Le Bloc identitaire organise par ailleurs des «apéros saucisson-pinard», de préférence non loin des lieux de culte musulman. Autres provocations, des rues sont rebaptisées, l’espace d’une journée, avec des noms arabes et des militants s’exhibent en burka. Le tout est toujours filmé et diffusé sur le Net «pour marquer les esprits à la manière de Greenpeace».
Chemise blanche, veston noir bien coupé, Arnaud Gouillon, 25 ans, le candidat du Bloc pour l’élection présidentielle de 2012, justifie: «L’islamisation de la France est une réalité. Des millions de Français la subissent. Nous ne supportons plus le recul des autorités devant les revendications communautaristes des musulmans.» Avant tout islamophobe, le Bloc demande plusieurs interdictions. Celle du port du voile, de la production halal, d’horaires ou de lieux réservés aux femmes et de carrés musulmans dans les cimetières. «Ce n’est pas la France qui doit s’adapter à l’islam, c’est l’islam qui doit s’adapter à la France», insistent les militants. Au moment où Marine Le Pen grimpe dans les sondages, comment se situe le Bloc face au Front national? Venu de Bordeaux avec les 18 militants du Bloc identitaire d’Aquitaine, Alain de Peretti, un vétérinaire à la retraite, qui a quitté le FN en 2002, résume: «Nous voterons évidemment pour Marine si elle accède au second tour de la présidentielle. Mais nous appelons à un réveil de l’identité nationale menacée par l’islamisation, thème que Marine néglige un peu trop.» «Il n’y a pas de mur entre le FN et nous, précise Arnaud Gouillon. Mais le rapprochement entre notre régionalisme paneuropéen et le nationalisme jacobin du FN n’est pas chose aisée.»
L’UDC comme modèle
A la tribune, l’homme le plus applaudi samedi fut Jean-David Cattin, le porte-parole des Jeunes Identitaires genevois (ils sont 20 adhérents). Le Bloc plébiscite en effet la démocratie participative à la Suisse, «à l’origine de l’interdiction des minarets et de l’expulsion des criminels étrangers». Antoine, un Rennais: «J’étais présent quand Oskar Freysinger a pris la parole lors des assises sur l’islamisation, cet homme est un visionnaire.» Autre Helvète particulièrement apprécié, Dominique Baettig, UDC lui aussi, présent en 2009 à une convention identitaire organisée par le Bloc. «Contrairement aux Français, nous ne focalisons pas sur l’islamisation, dit Jean-David Cattin, mais il faut admettre qu’il existe une incompatibilité lorsque des communautés revendiquent d’autres valeurs que celles qui, traditionnellement, dominent en Europe.»

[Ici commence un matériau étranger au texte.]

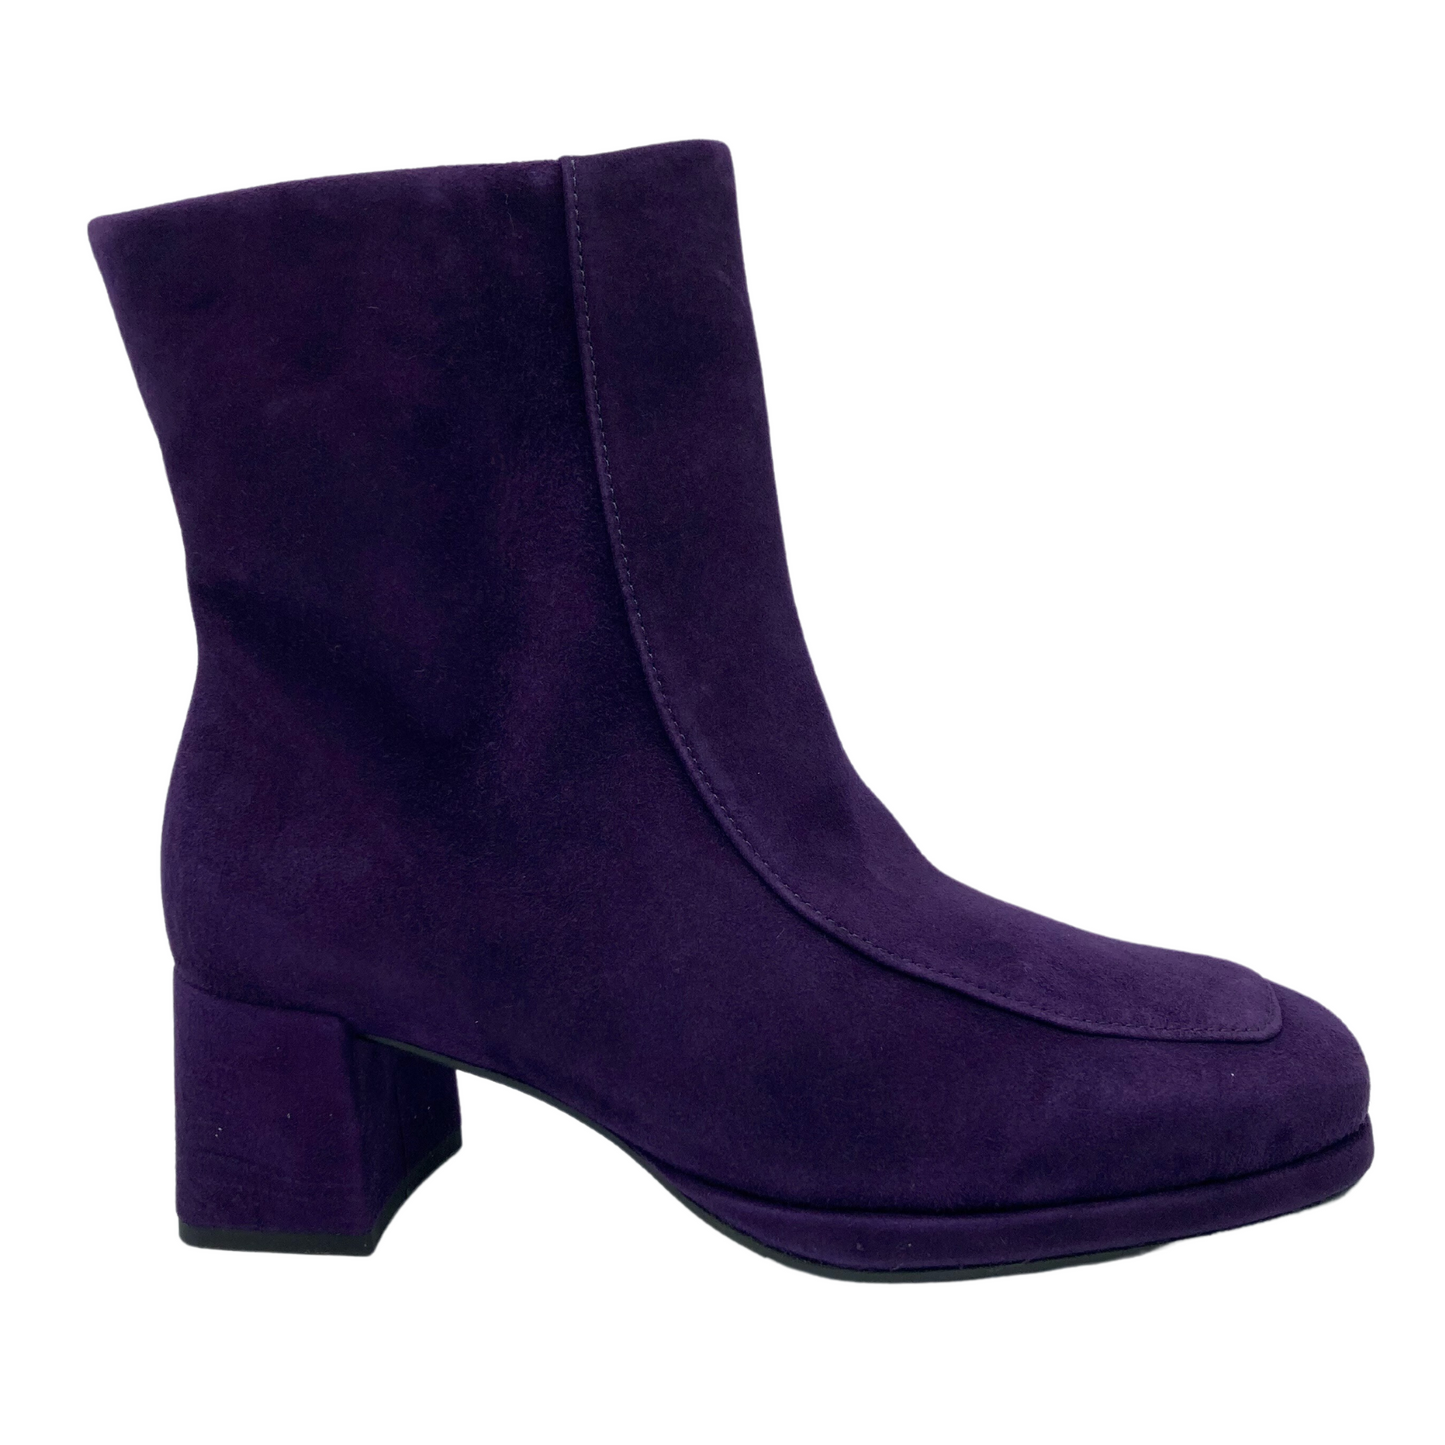 Right facing view of purple suede short boot with block heel and square toe

Jean-Marie Delmas, de la Ligue des droits de l’homme de Rhône-Alpes, se dit inquiet par la visibilité que tente de se donner ce type de groupuscules. «Dans la cité du résistant Jean Moulin et du nazi Klaus Barbie, les Identitaires veulent faire de Lyon un laboratoire de l’extrême droite. Les agressions se multiplient à l’encontre des militants de gauche ou antiracistes depuis deux ans.» Deux locaux sont aujourd’hui gérés par les ultra-nationalistes. L’un à proximité du stade Gerland, où joue le club de football l’Olympique de Lyon, tenu par des supporters proches des milieux néonazis. L’autre, dans le Vieux-Lyon, par le Bloc identitaire. Ce dernier est un bar appelé la Traboule où un ring a été aménagé pour apprendre la boxe et l’art de la self-défense.